Soon after Weissman got his own life back on track, he began filming the stories of people he got to know in Toronto's tent city. The waterfront community sprang up on the edge of the harbour in the winter of 1998 and existed until about 125 residents were evicted in September 2002.
Weissman made a film shown as part of an exhibit at the Royal Ontario Museum that ultimately helped him get back to his long abandoned PhD ambitions. He entered Concordia University in Montreal and studied shanty towns and other communities set up by homeless residents in Oregon and Texas.
A central question he poses in his ongoing research is whether there's a place in Canada for such housing alternatives.
"If we're not going to commit the money to taking people literally off the streets and putting them into housing then, for at least the next 20 years, there's going to be a group of people on the streets at all times," said Weissman, who teaches at the College of New Caledonia in Prince George, B.C.

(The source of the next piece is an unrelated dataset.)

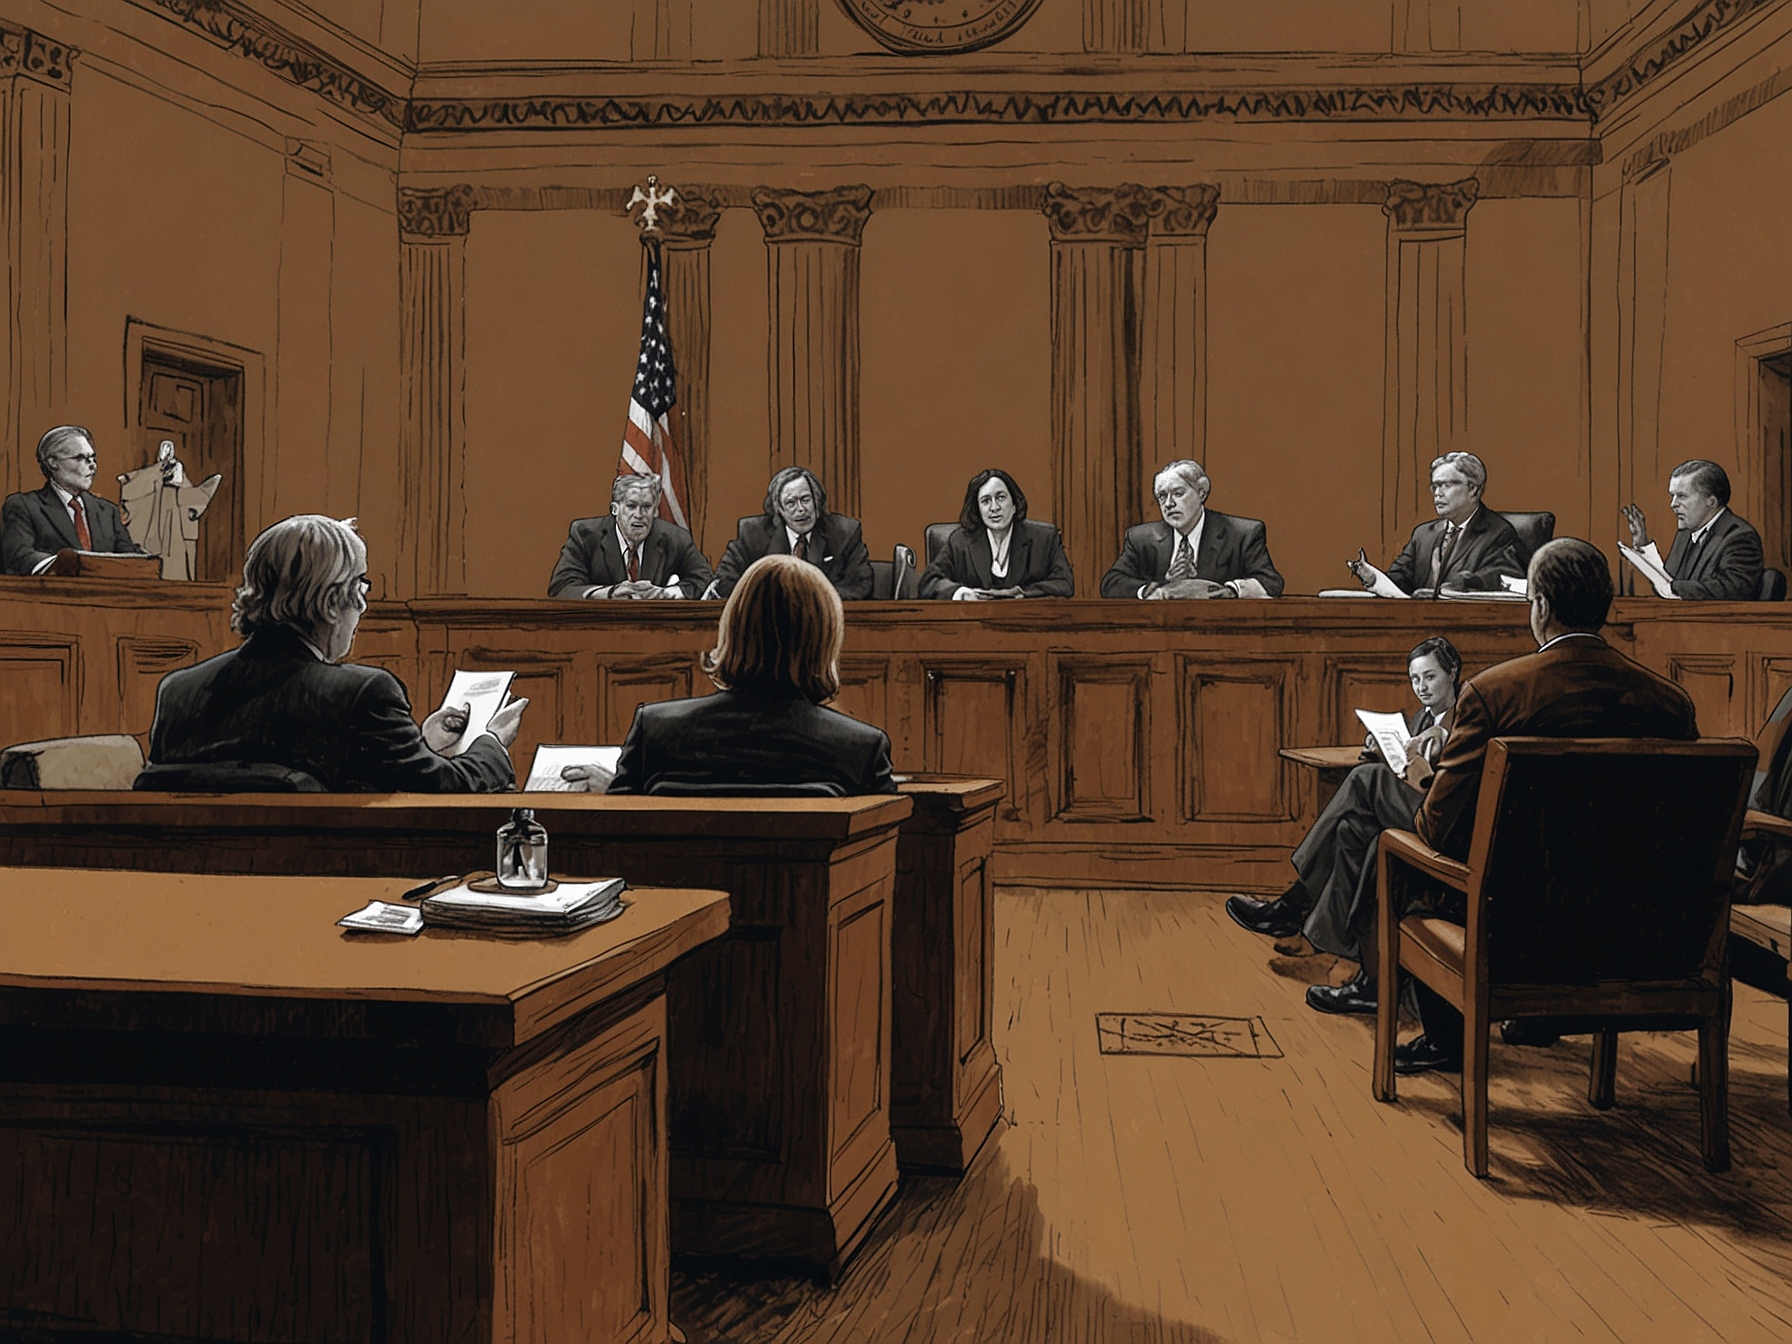 A courtroom scene showing the Supreme Court justices deliberating the public camping ban case, symbolizing the legal and societal complexities surrounding homelessness in the United States.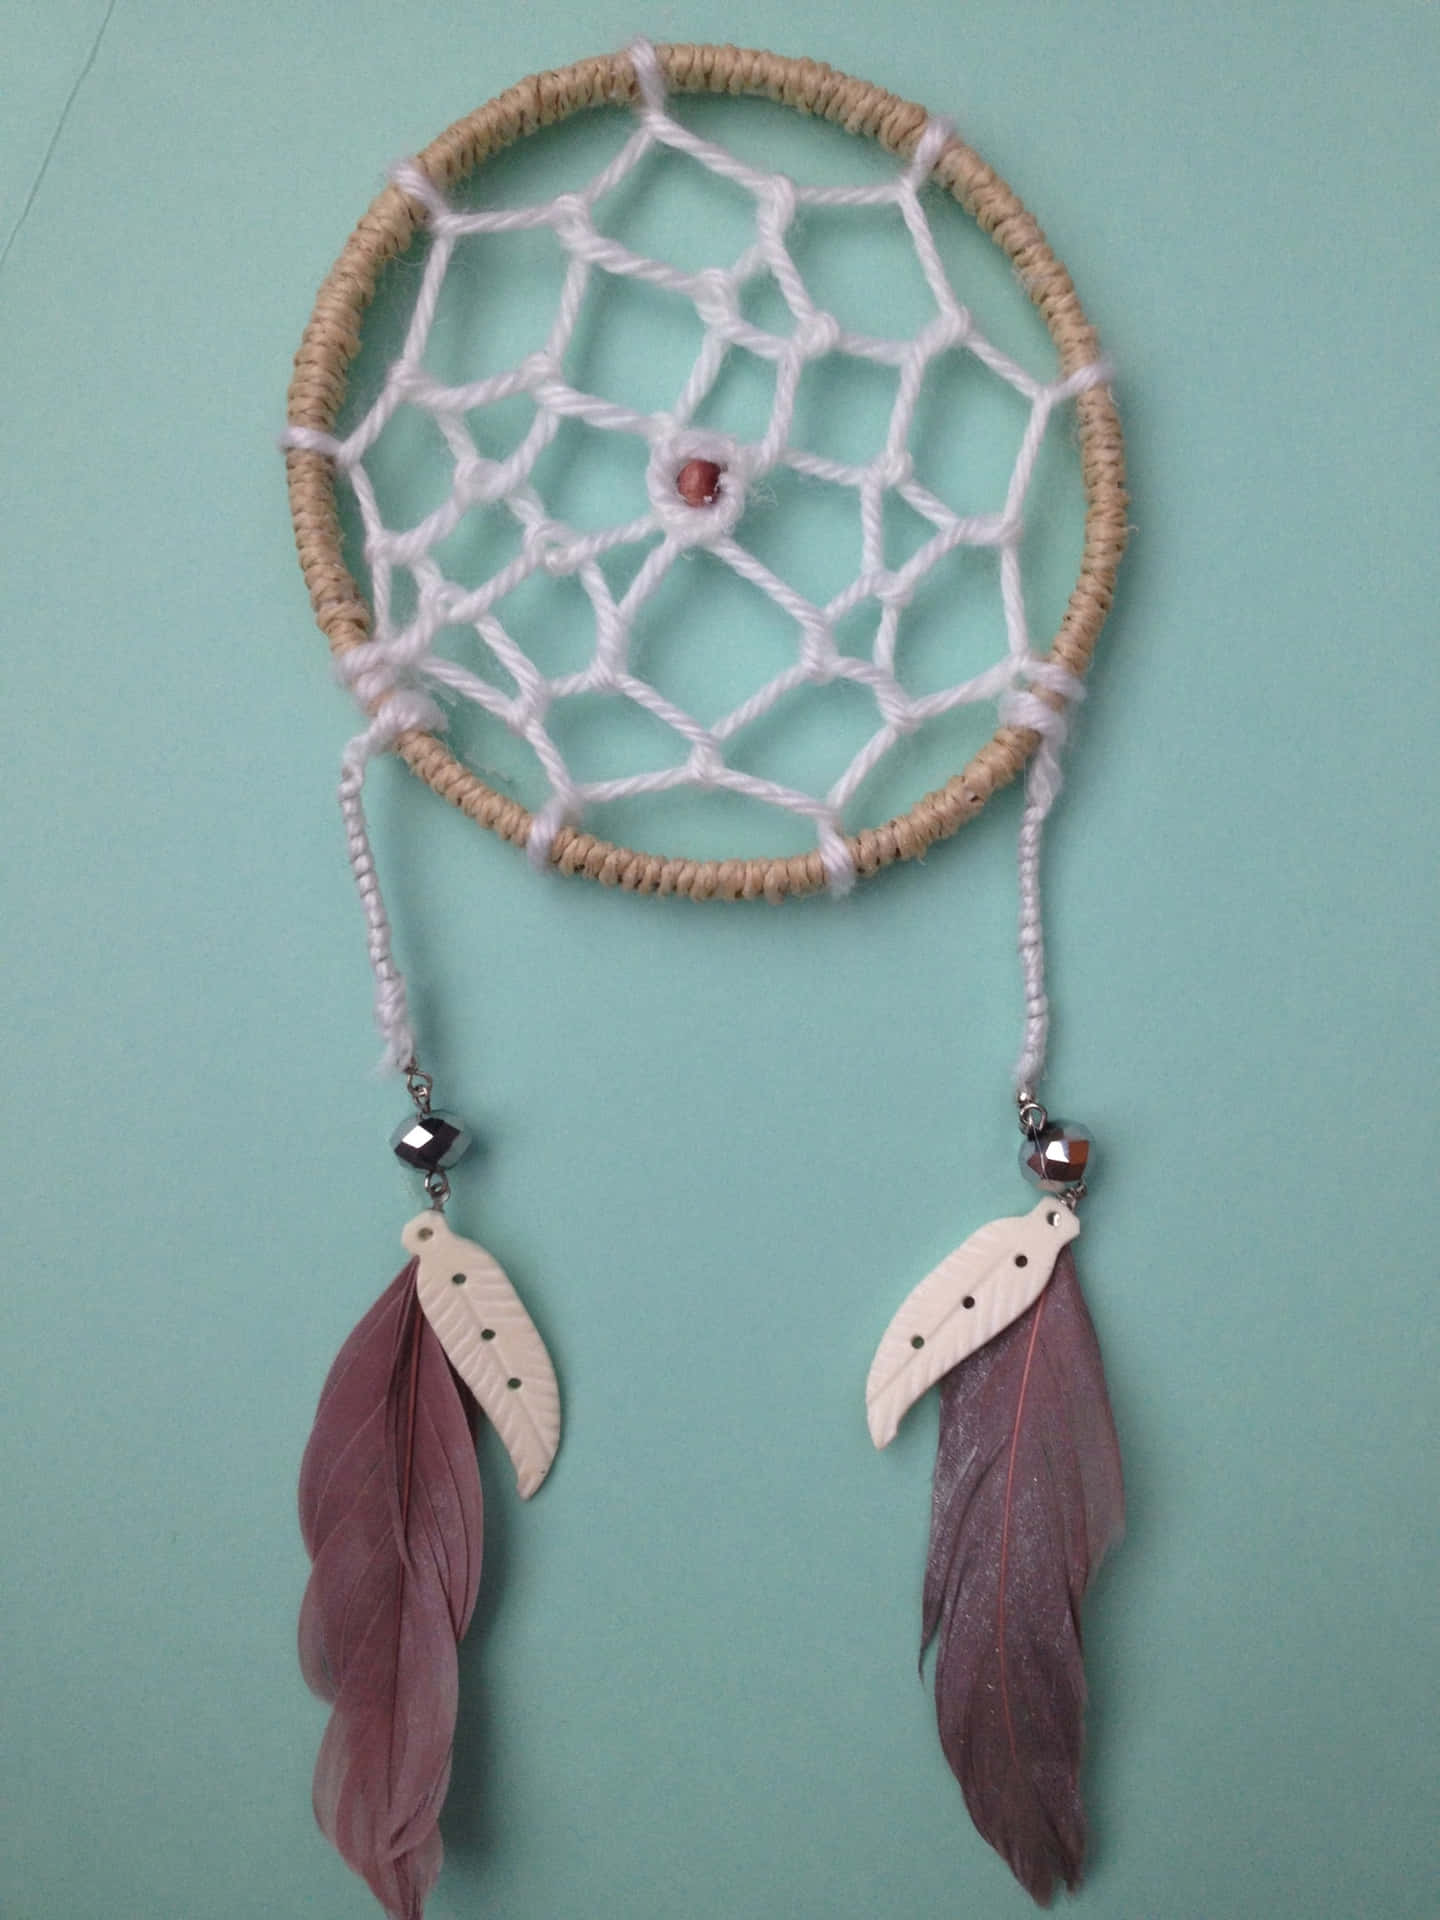 A Dream Catcher With Feathers Hanging On It

"What room is there for these alternative spaces? That's what I ask."
Weissman also stresses the need for mental health supports, especially since community services that were meant to replace defunct institutions haven't kept pace with need.
"Most of the people on the streets that I meet need support and they need housing. You can't get better without either, and they don't have them."
Stephen Gaetz, a professor at York University in Toronto and director of the Canadian Observatory on Homelessness, echoed that thought.
"We need to do things differently," he said in an interview. "We need to focus on preventing people from becoming homeless in the first place. And just as importantly, we need to have models of accommodations and supports to move people out of homelessness as quickly as possible."
Shelters and other emergency-style approaches can exacerbate mental illness and addiction issues that rack up police, corrections and health costs, Gaetz said.
Rather than insist a person prove they're ready for housing, it makes more sense to first provide that security, he added.
"That approach must be built around a system of care where the services are integrated and we help people move forward with their lives."
At least 30,000 Canadians are homeless on any given night while many more are considered among "the hidden homeless" who rely on friends or relatives for shelter, according to "The State of Homelessness in Canada 2013." The report was compiled by the Canadian Homelessness Research Network and the Canadian Alliance to End Homelessness.
Weissman said more affordable housing is crucial along with a more humane approach for those who won't easily fit into one program or another.
"Some people are so damaged you can't expect them to come back into the world the way you and I would approach it. It's just not fair."